Is helicopter parenting responsible for the obsession with victimhood and demand for "safe spaces" on college campuses?

It is an intriguing idea and one put forward by adolescent psychiatrist Abilash Gopal in an article the Huffington Post. Dr. Gopal works with adolescents who have been "overparented" and have a sense of both victimhood and entitlement.

While college campuses are notoriously liberal and tolerant, students across the nation are holding sit-ins and hunger strikes claiming that they feel discriminated against. Gopal sees something similar in patients. One was a male college student he saw in weekly therapy:

He had been raised by a tolerant family in a liberal community that accepted him for being gay. However, in childhood he complained of feeling oppressed and often acted out in anger. His parents and mental health clinicians validated his perception of being discriminated against unquestioningly, even though there were no significant events or trauma to substantiate his beliefs.

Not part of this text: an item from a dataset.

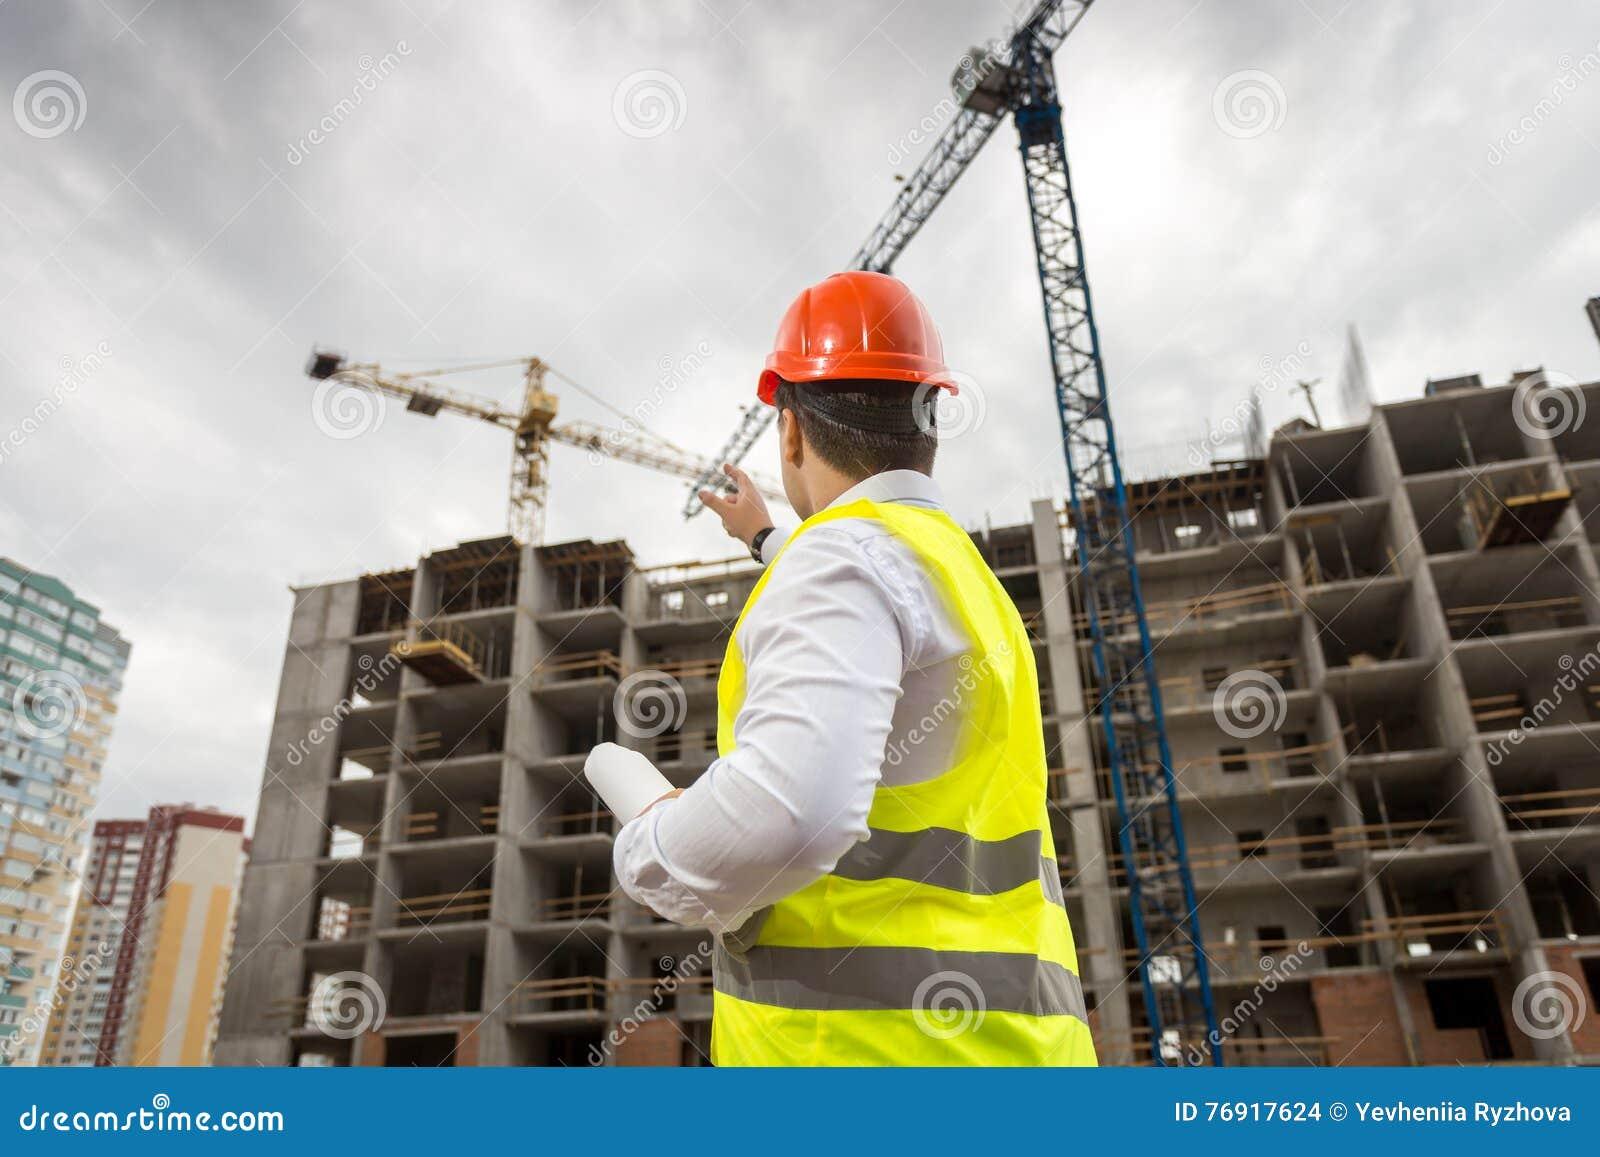 Arkitekt i hardhat som pekar på byggnad under konstruktion

During our sessions, this patient would express deep resentment for not being accepted. He claimed with outrage that on his college campus, “People might stare at me if I chose to wear a dress one day.” When I pointed out that he attended an extremely liberal college in the Bay Area, and that it was less likely that people would respond in an aggressive way if he wore a dress there, he could not be budged from his furious stance.

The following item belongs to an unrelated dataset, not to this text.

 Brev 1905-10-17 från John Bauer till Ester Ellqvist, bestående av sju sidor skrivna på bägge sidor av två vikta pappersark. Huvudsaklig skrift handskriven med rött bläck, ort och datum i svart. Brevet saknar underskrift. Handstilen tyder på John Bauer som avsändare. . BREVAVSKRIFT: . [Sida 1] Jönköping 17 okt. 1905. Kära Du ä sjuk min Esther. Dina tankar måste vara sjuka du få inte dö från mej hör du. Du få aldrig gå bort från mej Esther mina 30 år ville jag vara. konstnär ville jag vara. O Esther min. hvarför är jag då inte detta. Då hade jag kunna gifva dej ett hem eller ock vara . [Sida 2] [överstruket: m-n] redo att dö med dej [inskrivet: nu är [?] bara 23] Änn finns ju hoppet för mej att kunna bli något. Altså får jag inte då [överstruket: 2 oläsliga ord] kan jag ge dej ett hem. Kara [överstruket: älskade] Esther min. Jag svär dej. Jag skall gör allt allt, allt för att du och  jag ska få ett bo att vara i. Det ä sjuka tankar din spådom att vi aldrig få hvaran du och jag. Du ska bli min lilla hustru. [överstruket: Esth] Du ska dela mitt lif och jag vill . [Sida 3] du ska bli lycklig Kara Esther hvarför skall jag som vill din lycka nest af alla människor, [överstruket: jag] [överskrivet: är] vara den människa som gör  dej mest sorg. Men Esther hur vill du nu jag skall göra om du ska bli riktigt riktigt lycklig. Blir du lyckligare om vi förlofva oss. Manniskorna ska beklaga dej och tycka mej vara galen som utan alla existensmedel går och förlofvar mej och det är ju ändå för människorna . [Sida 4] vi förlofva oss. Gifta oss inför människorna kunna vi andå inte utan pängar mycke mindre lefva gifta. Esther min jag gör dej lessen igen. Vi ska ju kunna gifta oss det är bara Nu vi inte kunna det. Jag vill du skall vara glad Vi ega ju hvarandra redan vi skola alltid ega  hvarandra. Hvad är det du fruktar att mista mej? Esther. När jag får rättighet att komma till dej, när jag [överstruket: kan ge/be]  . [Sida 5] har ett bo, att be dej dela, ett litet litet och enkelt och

He was unable to believe that the world could ever be accepting towards him, and that made him bitter and isolated. He dropped out of school shortly thereafter, stating that he could not feel safe in such a hostile environment. He was unable to make progress in therapy and ended up quitting prematurely.

While Gopal believes that therapy can help many recover from unrealistic beliefs that they suffer from discrimination, the psychiatrist is nevertheless concerned about the number of young people who are demanding refuge from perceived slights that are not real. Gopal concludes with a sober observation:

It seems likely that many of the students at elite and liberal colleges who are complaining about the ways in which the world is keeping them down were once children raised by helicopter parents. The coddled child becomes the entitled teenager. The teen who expects his parents to fix his problems becomes the college student who demands that professors and administrators remove his obstacles.

If we continue to walk on eggshells to avoid offending these hypersensitive young adults, we are empowering their victimhood status. If we continue to indulge their irrational demands, we are robbing them of the opportunity to learn how to function independently in the real world. If we continue to overparent our kids, we are in danger of raising further generations of adolescents that are missing three key virtues of character: self-reliance, self-confidence, and resilience.